**Provided material**
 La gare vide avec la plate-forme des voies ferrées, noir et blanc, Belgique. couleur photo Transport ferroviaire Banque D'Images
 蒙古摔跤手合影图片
---
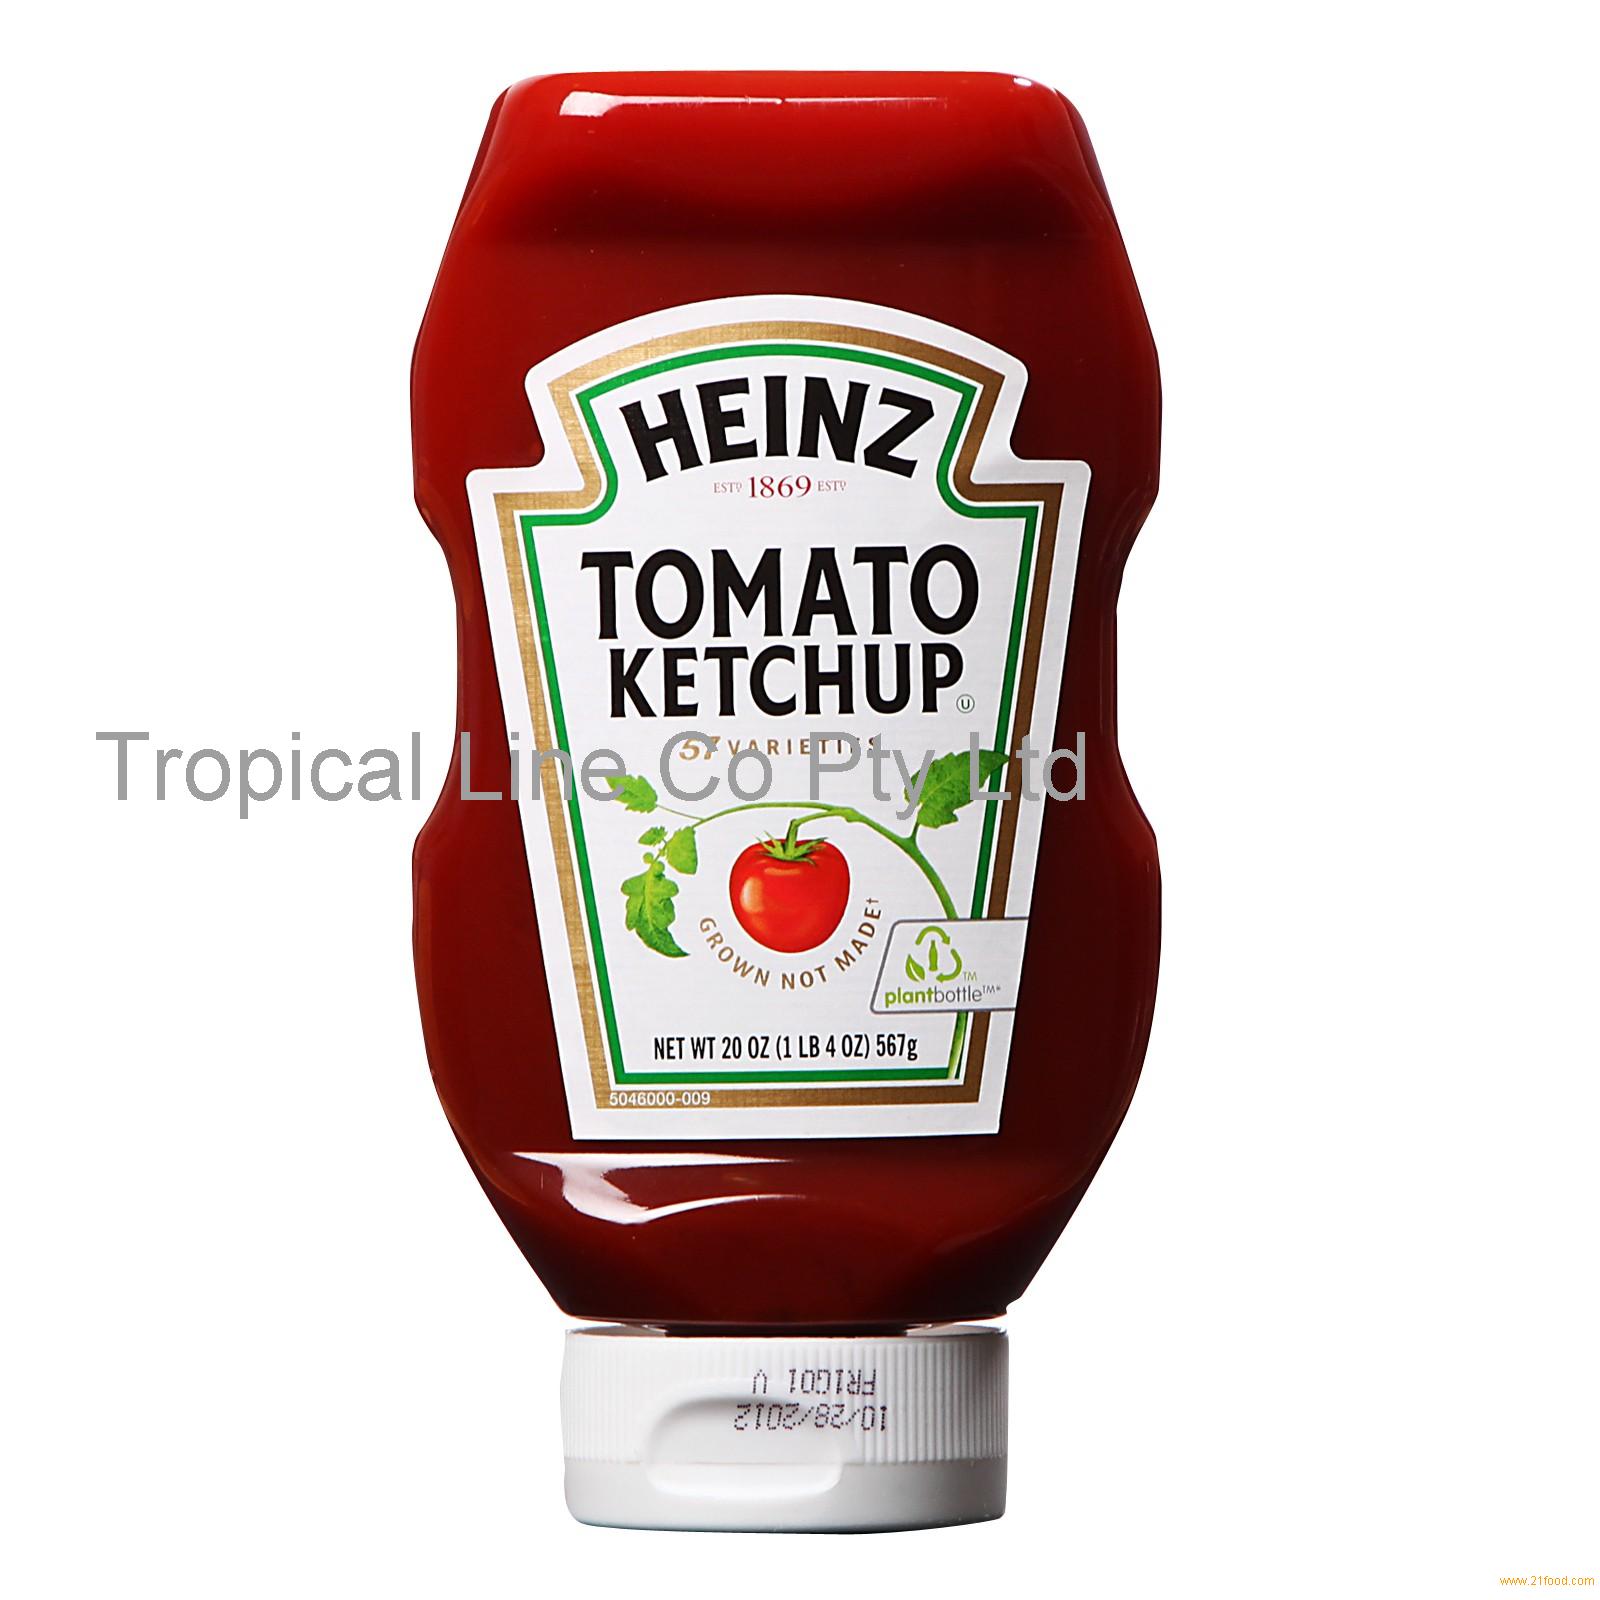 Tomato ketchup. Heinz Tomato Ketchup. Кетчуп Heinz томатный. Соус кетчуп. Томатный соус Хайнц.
==
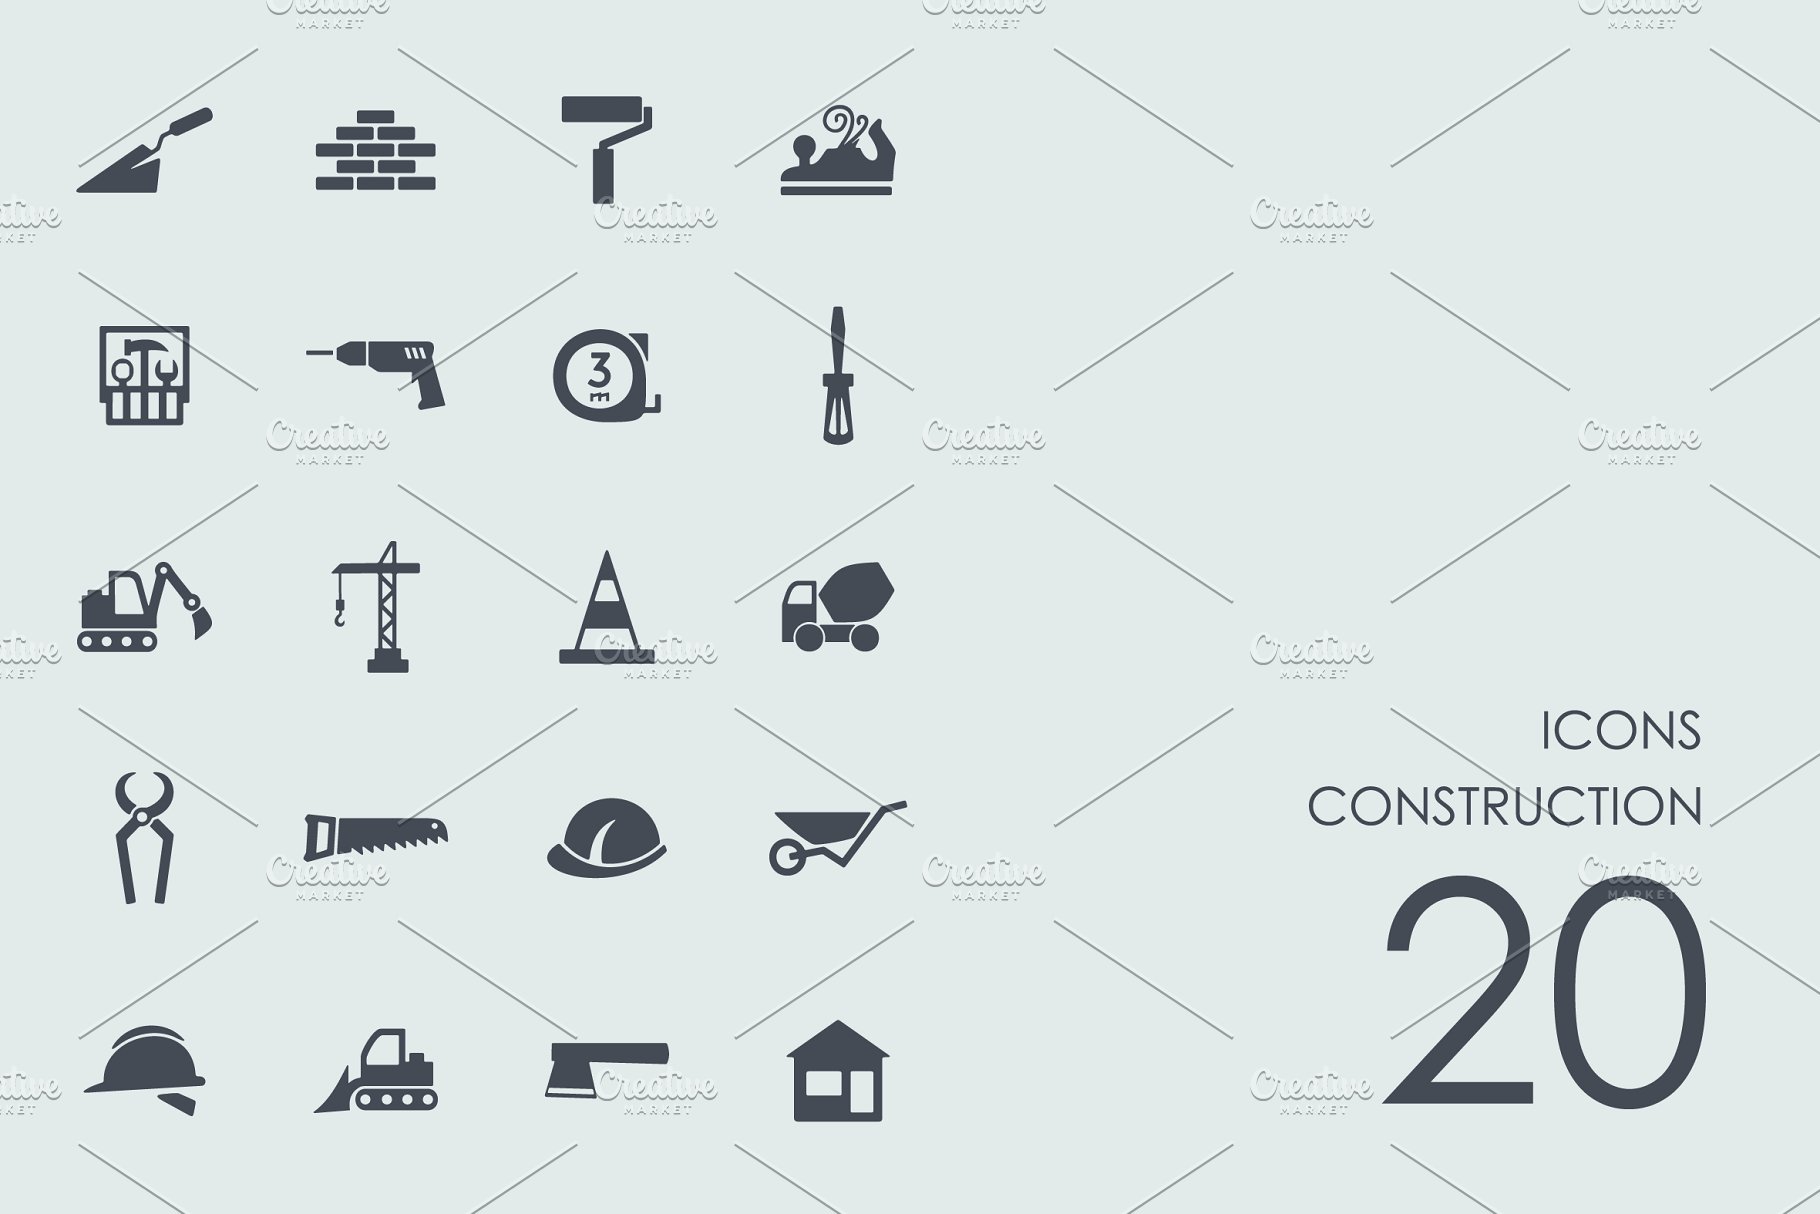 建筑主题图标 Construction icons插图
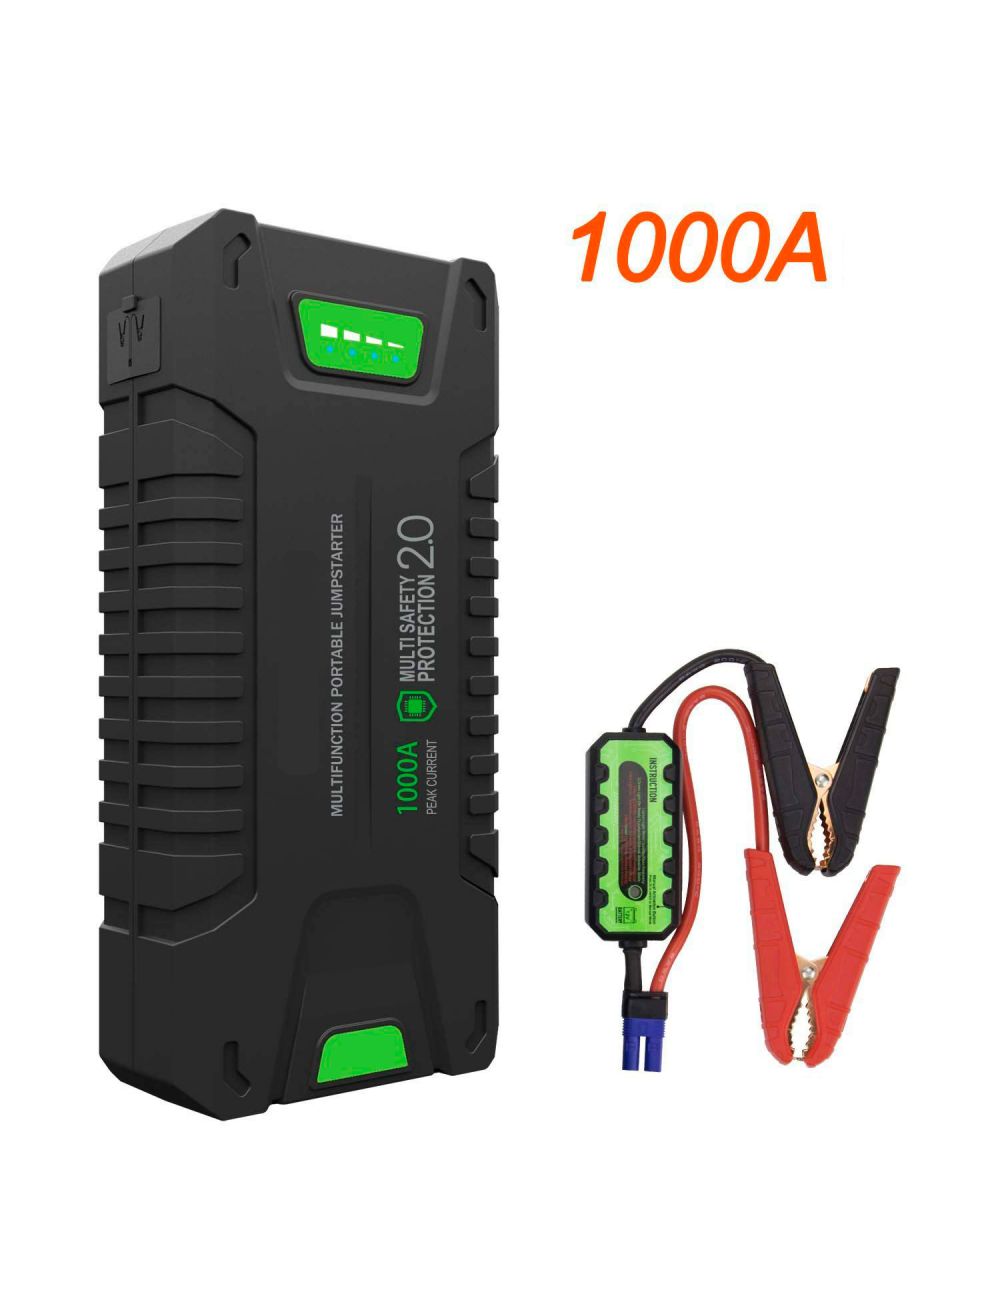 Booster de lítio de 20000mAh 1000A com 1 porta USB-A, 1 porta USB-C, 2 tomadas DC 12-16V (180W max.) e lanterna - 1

**What is needed**
Quote the lines above exactly, starting with the one that has "建筑主题图标 Construction icons插图" and ending with the one that has "Booster de lítio"; drop the pictures and include nothing else.

**Response**
 建筑主题图标 Construction icons插图
 Booster de lítio de 20000mAh 1000A com 1 porta USB-A, 1 porta USB-C, 2 tomadas DC 12-16V (180W max.) e lanterna - 1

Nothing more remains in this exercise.